When I observe a lot of people with expertise, their unconscious competence helps them navigate with ease without even thinking about it. The moment you question their judgement, their instincts take a back seat and suddenly their competency goes down. I was at a restaurant, I requested a cook for fried eggs. The cook asked if I wanted both sides to be cooked, and I said “yes, but don’t break the yolk”. The cook left out a nervous laughter and when turning the eggs to the other side, the yolk broke. I disrupted the cook’s flow just by doubting their ability.

This happens frequently at work. Decision makers who are expert beginners often want to get into the details, what this does is, it interrupts the flow mode of expertise. Explaining the solutions and decision making process which would otherwise be unconscious nature, requires a good deal of effort and often leads to sub optimal solutions. If you have an expertise on some area and are tasked with solutions, then keep in mind that you have to explain your decisions to people who know details at a surface level. People are naturally curious and LLMs feed their curiosity a great deal.

Photo by Julia M Cameron on Pexels.com

For this reason, whenever I come up with solutions, I make it a multi step approach. This is I learnt from many different sources which help you harvest your unconscious competence.

Step 1 – Read the problem statement, re-read and think very hard to solve the problem. Too often no solution emerges, but all of a sudden when you are at a break, a solution emerges and when it happens immediately write it down. Beware, this solution is ephemeral and its details vanishes within a few minutes. Keep noting down the solutions that pop up at odd times like driving, cleaning etc.

Step 2 – Find reference material from internet and previous assignments to back your solutions.
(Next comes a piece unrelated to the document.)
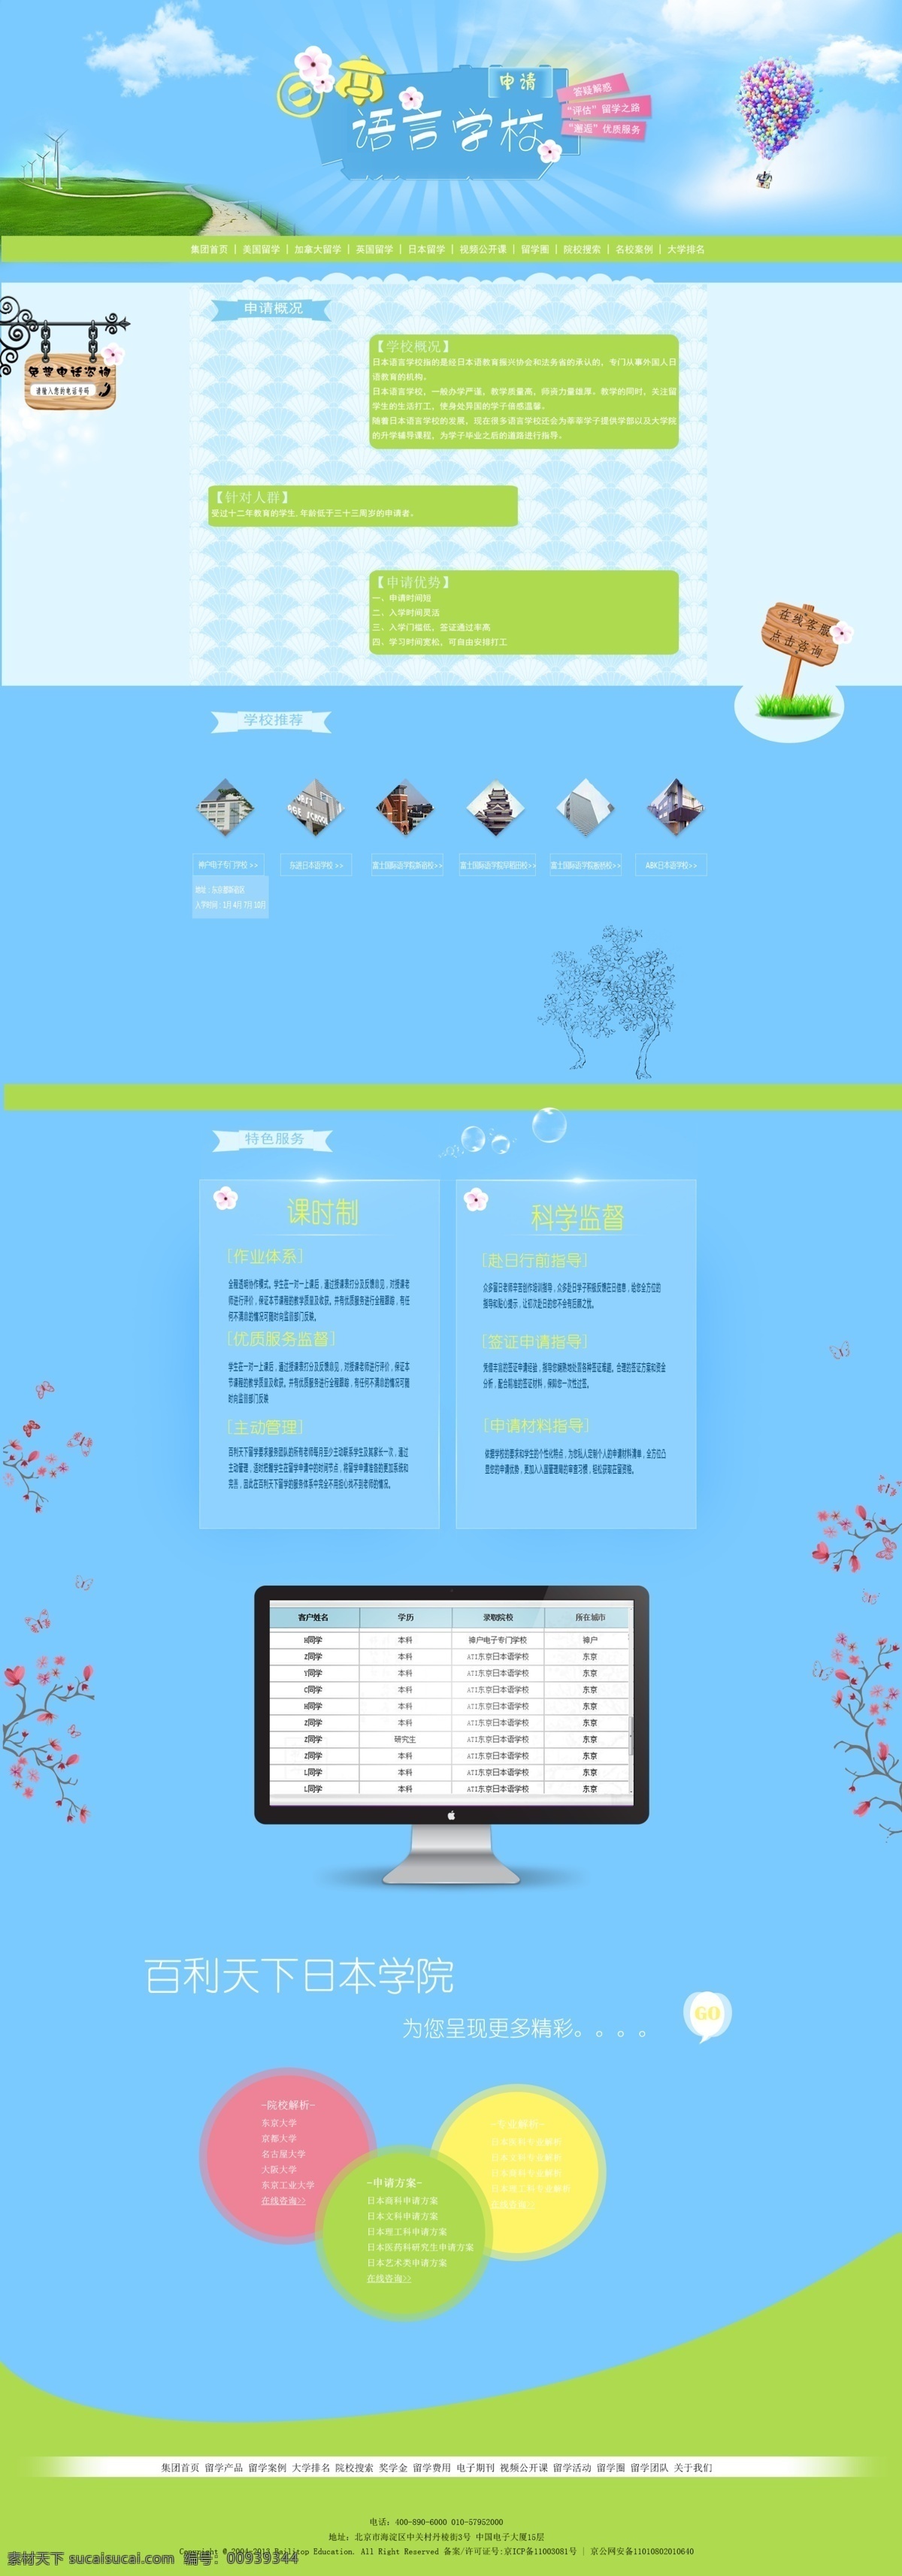 萌 哒 首页 板式 淡蓝色背景 日本 樱花 指示牌 首页板式设计 原创设计 原创网页设计

If it is a novel solution, dive deeper to explain but do not change the solution because you can’t find explanations.

Step 3 – KYEB (Know Your Expert Beginners) and be equipped with ELI5 answers to anticipated questions to impart confidence of the solution.

Before presenting your solution, establish your credentials which helps setting the right expectation using info from the KYEB research. This helps to present your views as an expert without getting into a loop of explanations and doubts. For the doctor’s case I discussed at the beginning, I recently see a few doctors have a dossier to quickly explain their decisions and cut short the questioning from the patients. We also will be expert beginners at many topics, the best we can help there is to let the experts do their job.